Supplied data:
################

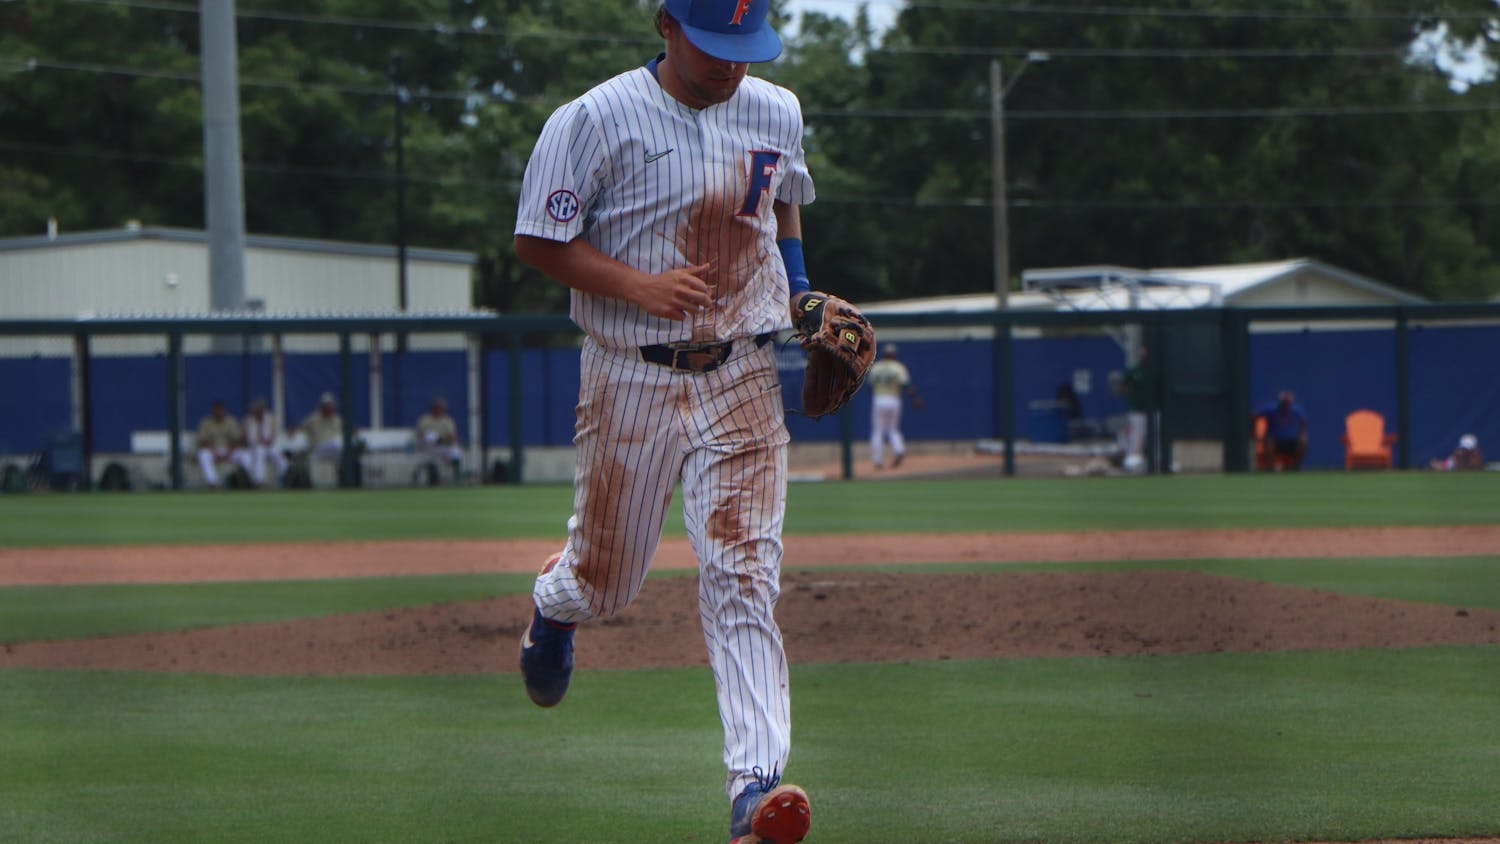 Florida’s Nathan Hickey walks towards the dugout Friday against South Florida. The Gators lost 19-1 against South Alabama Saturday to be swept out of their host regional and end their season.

################

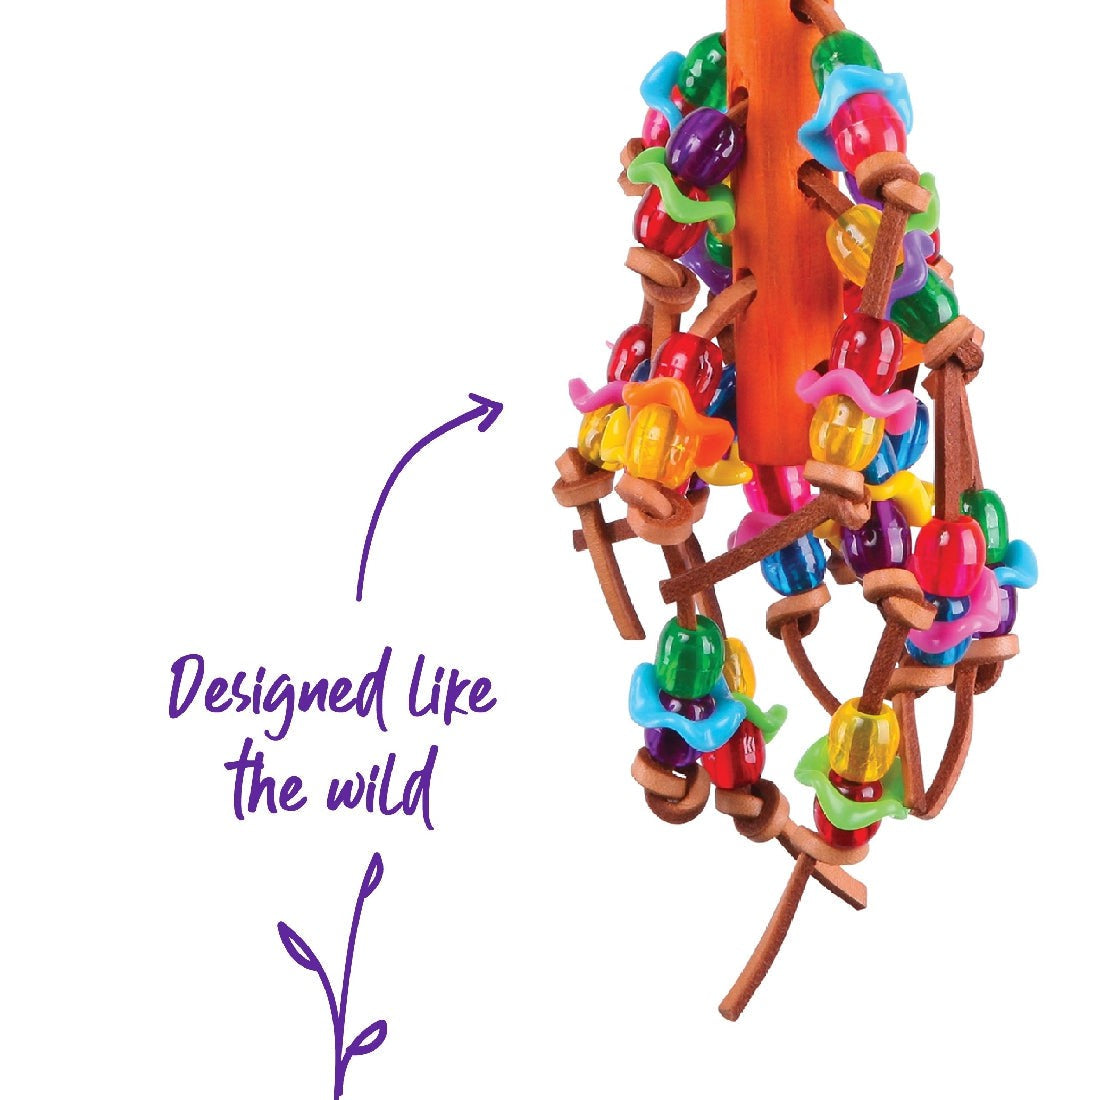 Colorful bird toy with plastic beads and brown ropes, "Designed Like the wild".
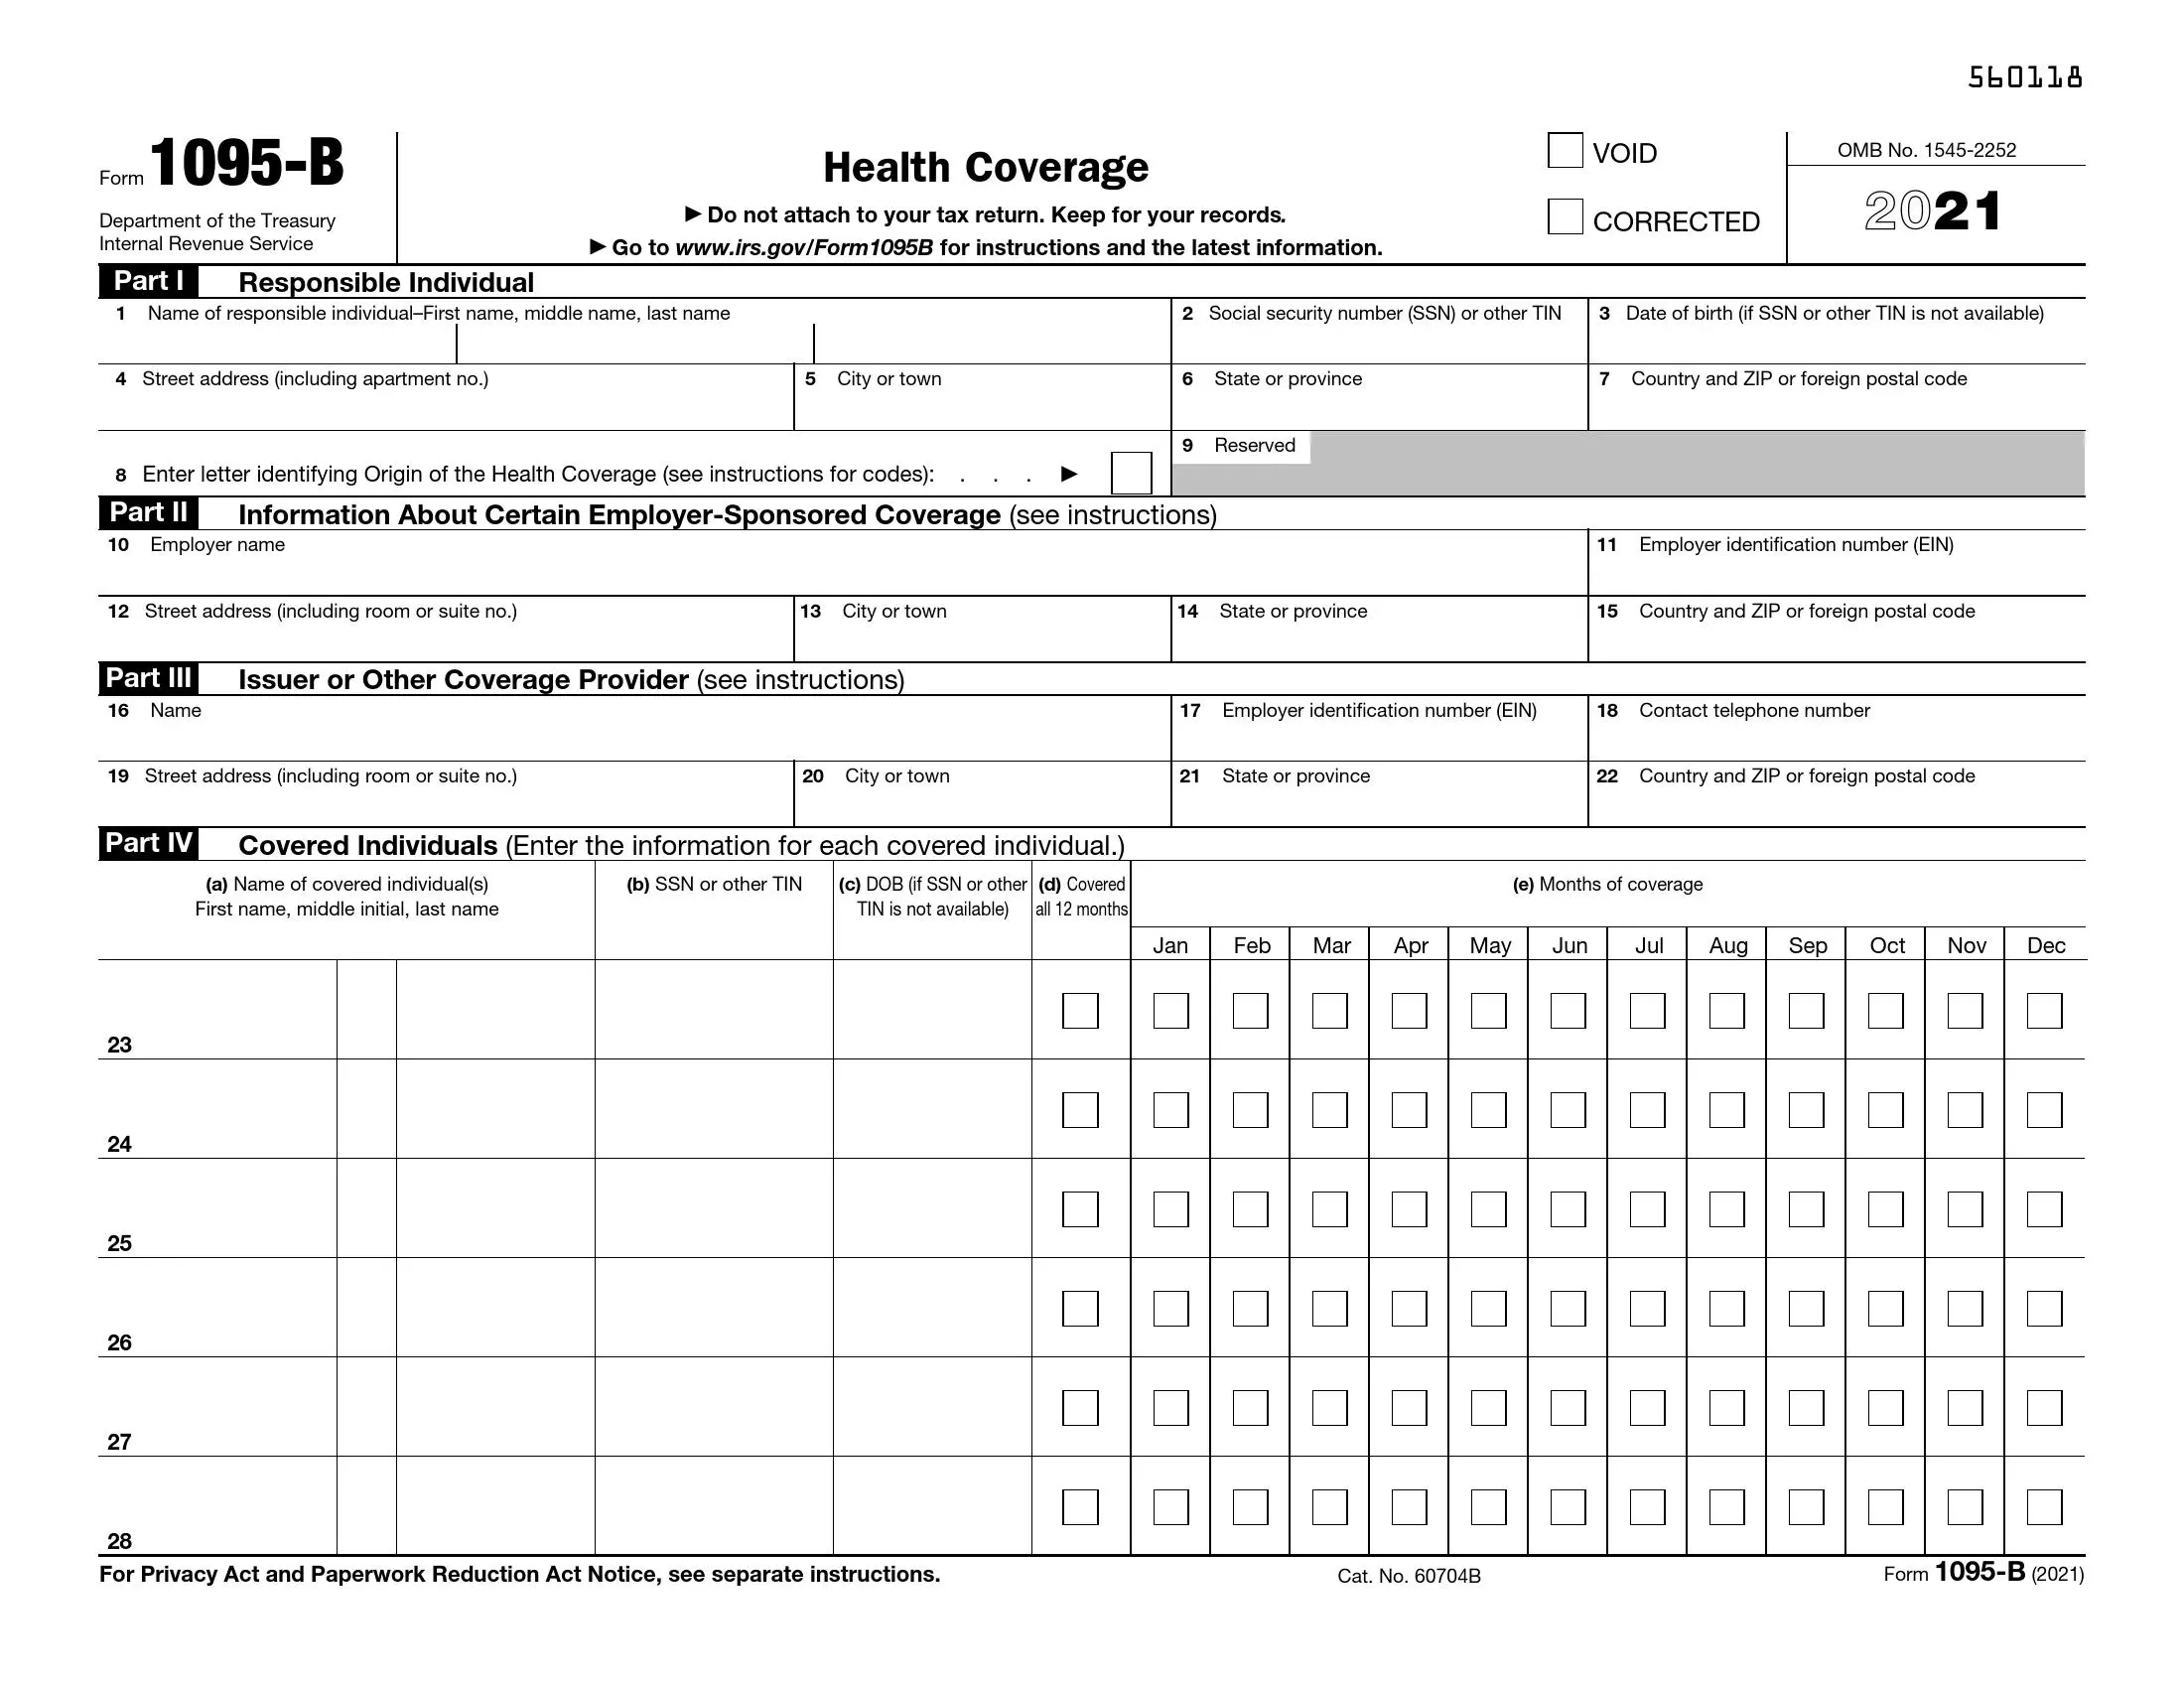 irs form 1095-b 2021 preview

################

Problem to solve:
Every line above between the one containing "Colorful bird toy" and the one containing "irs form 1095-b 2021 preview", those two included, is to be printed exactly. No pictures go into the copy.

Your solution:
 Colorful bird toy with plastic beads and brown ropes, "Designed Like the wild".
 irs form 1095-b 2021 preview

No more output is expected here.